Most criticism of the fiscal package have centered on its impotence: consumption smoothing agents will make it moot or it’s effects won’t be seen in time to make a difference. So we’ve all been talking about multipliers. There’s a possibility, though, that the stimulus actually does harm:
Stimulus plans that bailout the financial and auto sector will influence innovation and reallocation. Reallocation may particularly suffer if the stimulus plans lock in factors in low-productivity sectors and activities. Market signals suggest that labour and capital should be reallocated away from, for example, the Detroit Big Three and highly skilled labour should be reallocated away from the financial industry towards more innovative sectors. Halted reallocation will also mean halted innovation.

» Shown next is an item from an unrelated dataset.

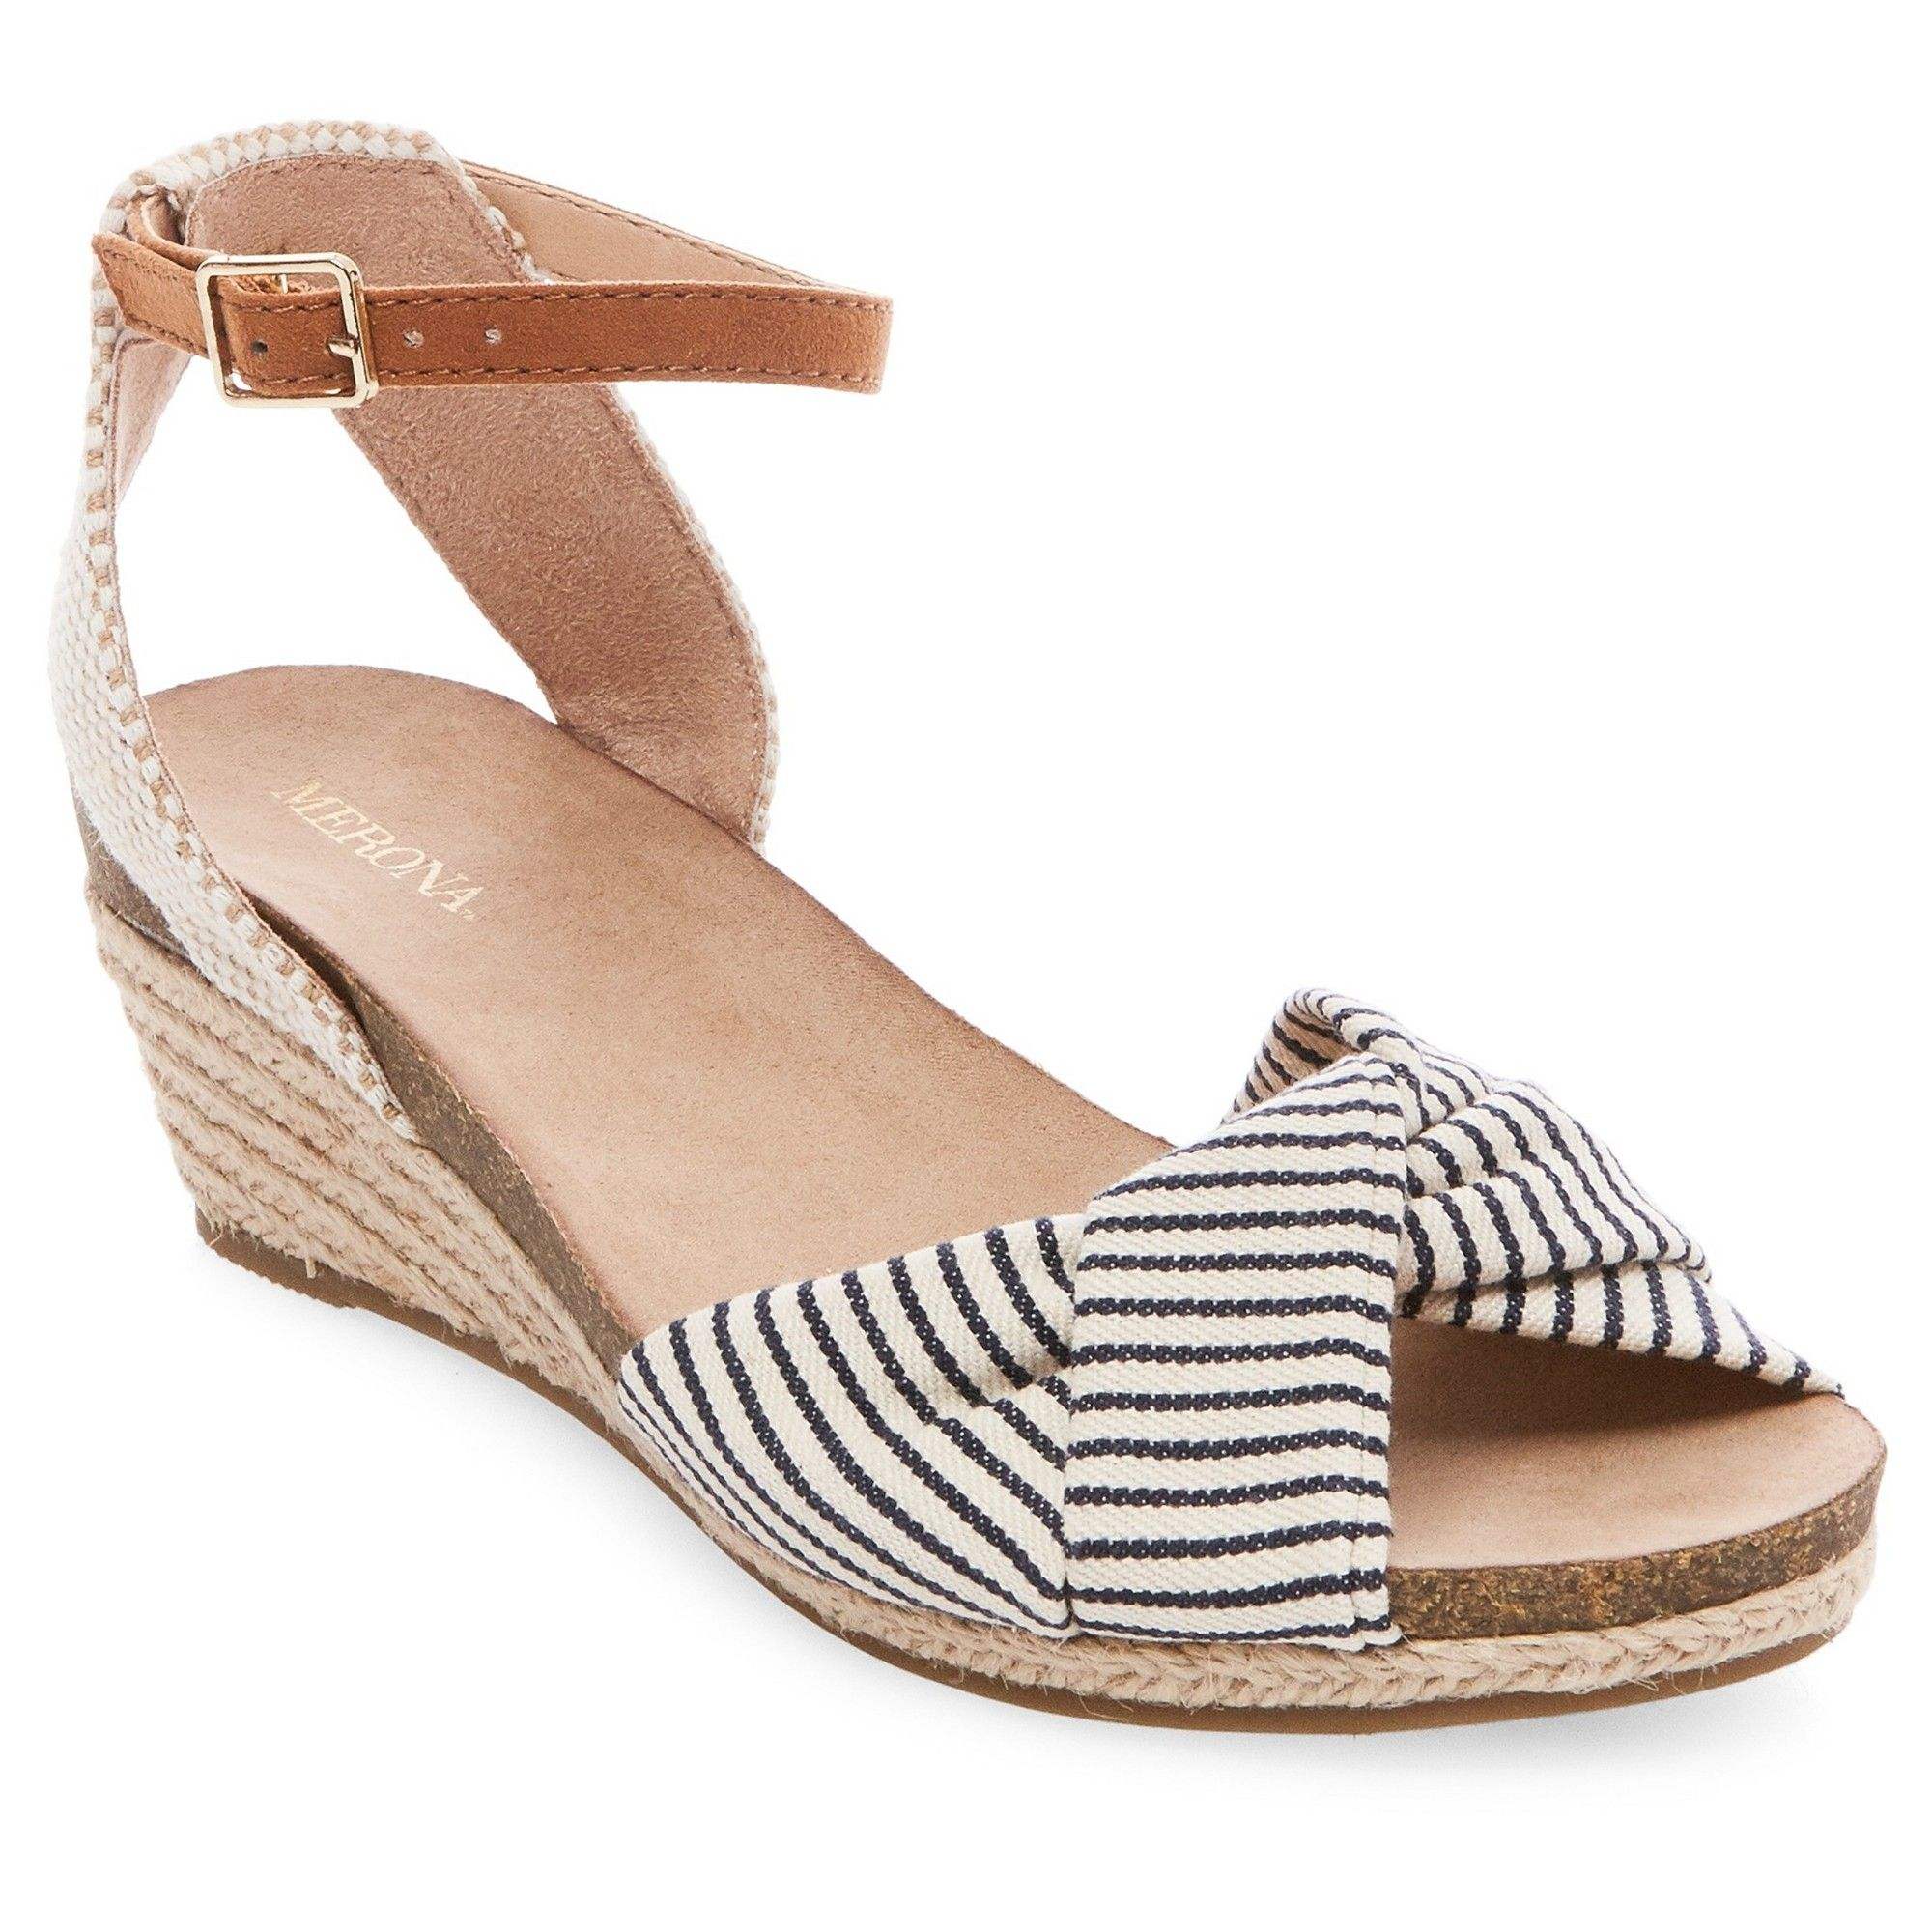 013c539059 Women's Brynn Footbed Wedge Quarter Strap Sandals - Merona Navy (Blue) 8.5

Not only are we saddling future generations with debt, but we may be making them poorer than they might otherwise have been. Economic efficiency is generated through sectoral reallocation and efficiency creates growth. Even small reductions in efficiency have huge effects in the long run. For example, suppose the fiscal stimulus solidifies the expectation that big firms are too big to fail. This will cause too many resources to be allocated to big, established firms where innovation isn’t as hectic. Even if this has a small growth effect — let’s say it reduces growth rates by 0.3% — it only takes a generation for this swamp out the size of the additional debt created by the stimulus package.
As we saw in the global warming debates, this point is almost impossible to get across. Future growth is particularly intangible for most people.